Nie potrafiłem zmrużyć oka ani na chwilę. Całą noc myślałem o Megan. Nie mogę jej stracić, nie teraz. Przez pół nocy próbowałem się do niej dodzwonić. Muszę się z nią dziś spotkać, muszę wszystko wyjaśnić, a ona musi mi uwierzyć. Nigdy bym jej nie skrzywdził, tak bardzo ją kocham. Wziąłem szybką kąpiel, zjadłem śniadanie i postanowiłem do niej iść. Była godzina 10, więc na pewno nie śpi.
Mama dziś zostaje ze mną w domu, nie chciała mnie zostawiać samą i wzięła wolne. Byłam jej naprawdę wdzięczna. Potrzebowałam jej teraz.

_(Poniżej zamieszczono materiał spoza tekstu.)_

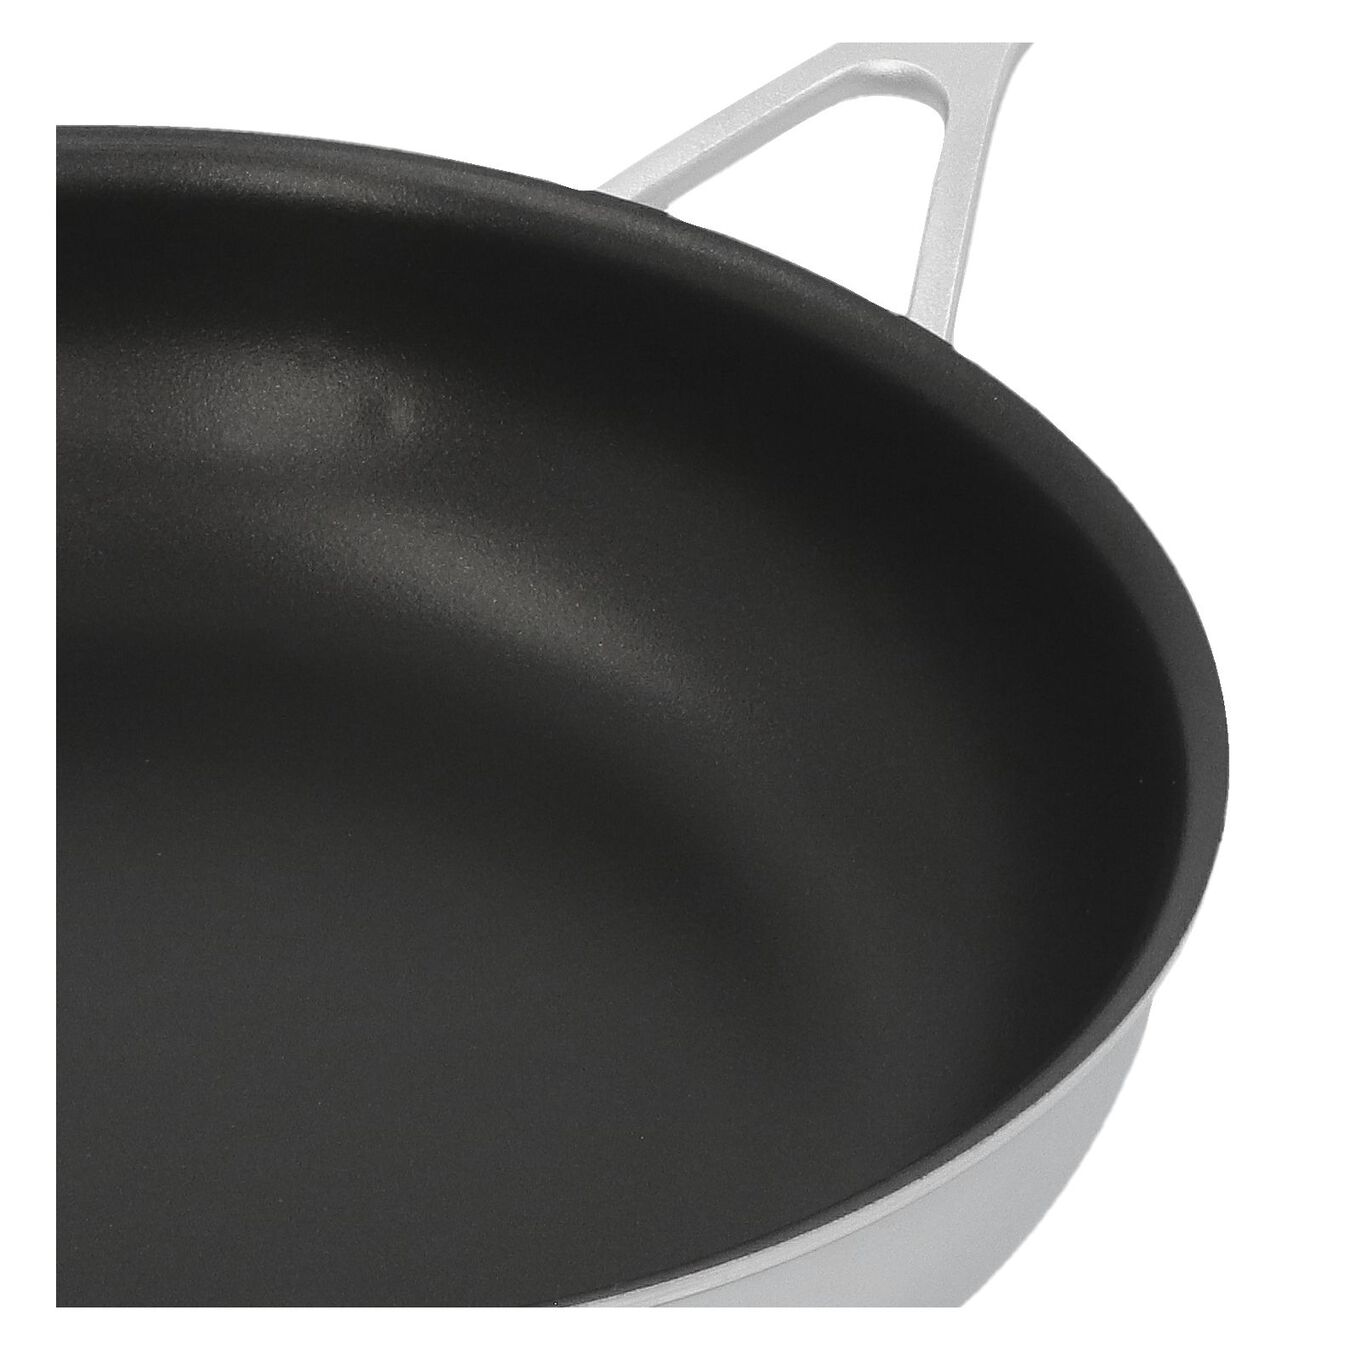 9.5-inch, 18/10 Stainless Steel, PTFE, Traditional Nonstick Fry Pan,,large 2

-Będę musiała jechać do sklepu, chcesz ze mną ?-zapytała mama, wchodząc do mojego pokoju.
-Nie, zaczekam na ciebie-odpowiedziałam, a mama posłała mi uśmiech i wyszła z pokoju.
Zauważyłam mój telefon na szafce nocnej. Wzięłam go do ręki, był prawie całkiem wyładowany. Na ekranie widniało pełno nieodebranych połączeń. Wiedziałam od kogo są, Skasowałam je i akurat w tym momencie dzwoniła Jessica.
-Halo-odezwałam się pierwsza odbierając połączenie.
-Meg, co z Tobą ?! Żyjesz jeszcze ?-zapytała na wstępie.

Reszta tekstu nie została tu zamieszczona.